As founder of the Economist Development Report, he served as its Editor
from 1983 to 1986 after working as a political correspondent with the
Economist magazine from 1977 to 1979.
A British citizen,
Mr. Malloch Brown received an Honours Degree in History from Magdalene
College, Cambridge University, and a Master’s Degree in Political
Science from the University of Michigan. He is married and has four
children.
Mary
E. McClymont, President and CEO, Interaction
Mary McClymont is the President and Chief Executive Officer of InterAction,
the largest alliance of U.S.-based international development and humanitarian
nongovernmental organizations.
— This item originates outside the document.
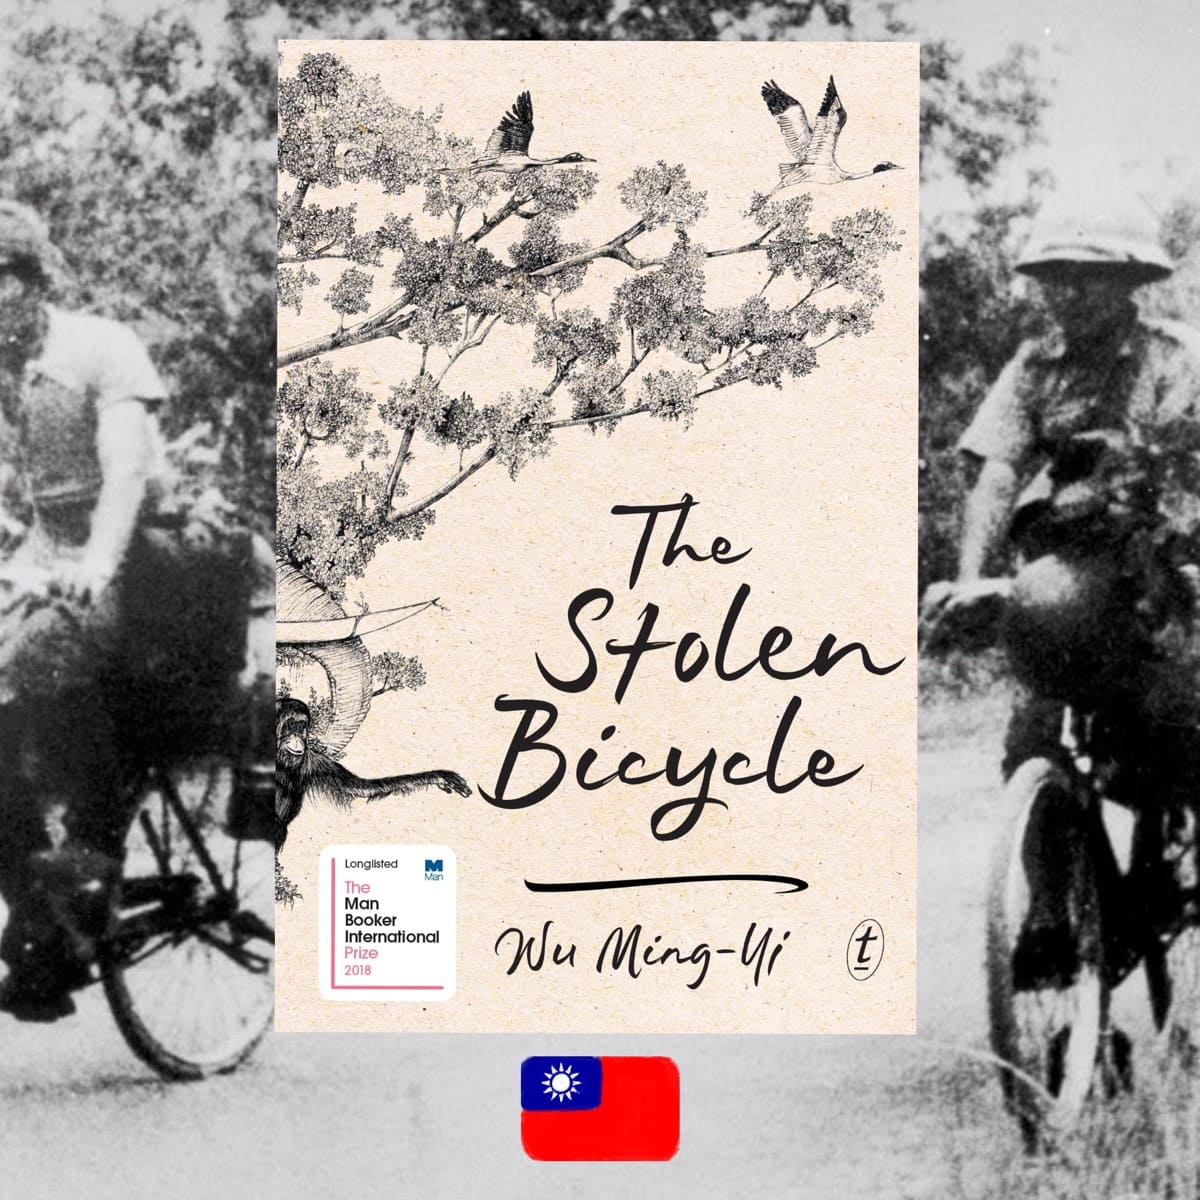 Wu Ming-yi, The Stolen Bicycle, book cover

Previously, she served at the Ford Foundation,
as Senior Director of the Peace and Social Justice Program, and as Acting
Director, Deputy Director, and Program Officer in the Rights and Social
Justice Program.
She also was
the National Director for Legalization of the Migration and Refugee
Services, U.S. Catholic Conference; Senior Staff Counsel, the National
Prison Project of the American Civil Liberties Union; Trial Attorney,
Civil Rights Division, U.S. Department of Justice; and Assistant Director
for Corrections, National Street Law Institute, Georgetown University
Law Center.
She has an LL.M.
in International Legal Studies from the American University Washington
College of Law; and a J.D. from Georgetown University Law Center.